Im Bereich der Schul-und Bildungspolitik ist unser Gestaltungsspielraum eingeschränkt, aber durchaus vorhanden. Gemeinsam konnten z.B. alle Fraktionen die unsägliche Debatte um die gleichwertige Verpflegung an beiden Standorten der weiterführenden Schulen beenden. Gemeinsam mit den Schulen und Elternvertretern wurde eine zufriedenstellende Lösung erarbeitet. Der Mensa-Verein wird zukünftig ein ausgewogenes, gutes Schulessen für alle Kinder der weiterführenden Schulen vorhalten. An diesem Beispiel zeigt sich, dass Politik gemeinsam, also parteiübergreifend, gute und nachhaltige Lösungen, manchmal auch gegen den Wunsch der Verwaltung, hinbekommt. Sachorientierte Lösungen sollen auch das Jahr 2024 prägen, denn trotz einer angespannten Haushaltslage hat Politik Spiel- und Gestaltungsräume. Das macht Mut und stärkt die Demokratie. Ein Kurs der sich lohnt – auch bei rauer See.
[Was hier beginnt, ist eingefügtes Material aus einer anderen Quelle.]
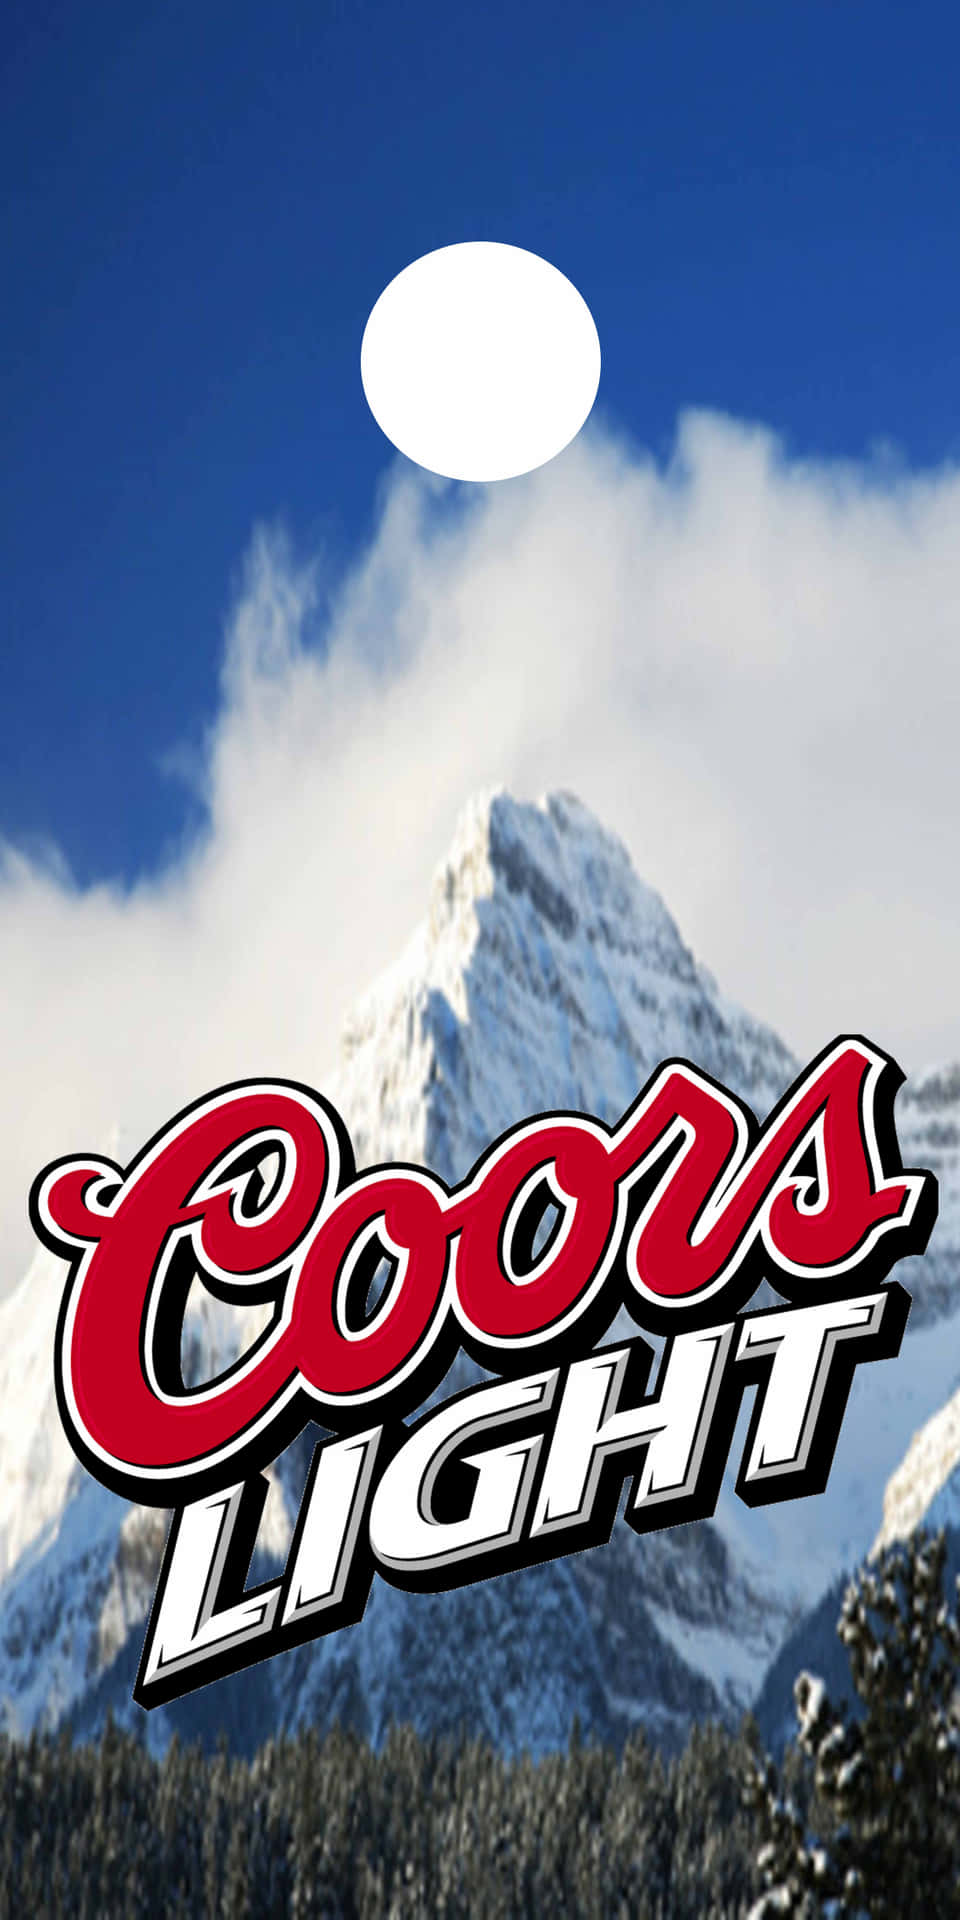 Cold Coors Light for a Hot Day Wallpaper

Auch wenn wir den Haushalt an vielen Stellen kritisch betrachten und eine zukunftsweisende, lösungsorientierte Strategie vermissen, werden wir dem Haushalt zustimmen, weil es nicht unserer Haltung entspricht, sich aus der Verantwortung zu ziehen. Wir werden auch im Jahr 2024 sachorientiert an Lösungen arbeiten um gemeinsam mit der Verwaltung und den anderen Fraktionen eine nachhaltige, zukunftsfähige Idee von Lengerich zu entwickeln.

In diesem Sinne wünsche ich uns allen Mast- und Schotbruch und immer eine Handbreit Wasser unterm Kiel.